La sainte famille

Auteur: Didier Croonenberghs
Date de rédaction: 31/12/17
Temps liturgique: Temps de Noël
Année liturgique : B
Année: 2017-2018


Lors des retraites pour fiancés que les dominicains proposent à l’abbaye de Brialmont, l’animateur présente toujours aux couples différentes thématiques et invite ceux-ci à répondre à une série de questions. Durant ces sessions, la première journée se termine toujours par une même question auquel chaque fiancé est invité à donner sa propre réponse. Je ne vous cache pas que cette question amène souvent quelques turbulences dans la conversation ! Je vous la livre : « Ai-je envie de reproduire l’éducation que j’ai reçue ? Comment est-ce que je vis la tienne? ».

Comparer les cultures familiales et l’éducation que nous avons reçue —surtout en ce temps de fête—  est toujours une approche délicate, voire dans certains cas déplacée. Nous comparons parfois ce qui est incomparable ! Quand il s’agit de parler de l’éducation, il faut bien accepter qu’il n’y a pas réellement de modèle et de définition. Le théologien André Paul a récemment publié un ouvrage au titre a priori provocateur, mais assez pertinent : « La famille chrétienne n’existe pas ». Son argument est que les discussions actuelles autour de la famille au sein de l’Eglise se basent avant tout sur une idée de la famille postérieure aux évangiles.
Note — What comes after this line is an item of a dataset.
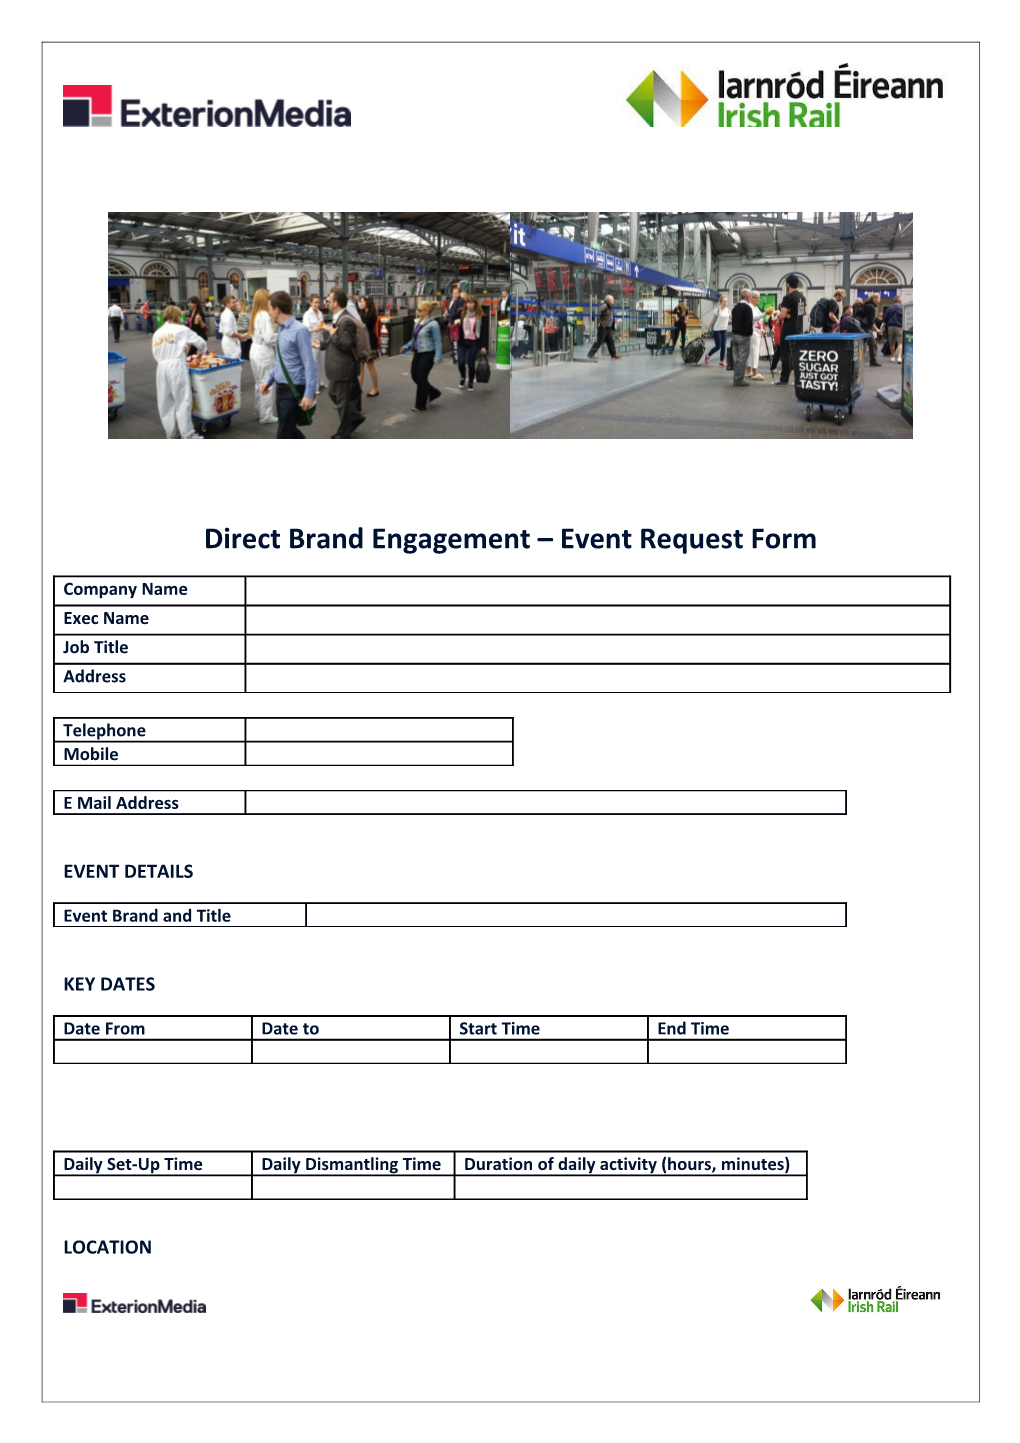 Direct Brand Engagement Event Request Form

La famille —dans tout ce qu'elle a de complexe— est un lieu de joie comme de souffrances et de déchirement. Mais la famille que nous célébrons aujourd'hui n'est pas un modèle, dont l'exemple serait à suivre. Comme si le « modèle d’une famille chrétienne » n’existait pas et heureusement d’ailleurs. C'est pour cela que —qui que nous soyons— nous pouvons nous réjouir de cette fête, quelles que soient nos familles, composées, décomposées ou recomposées.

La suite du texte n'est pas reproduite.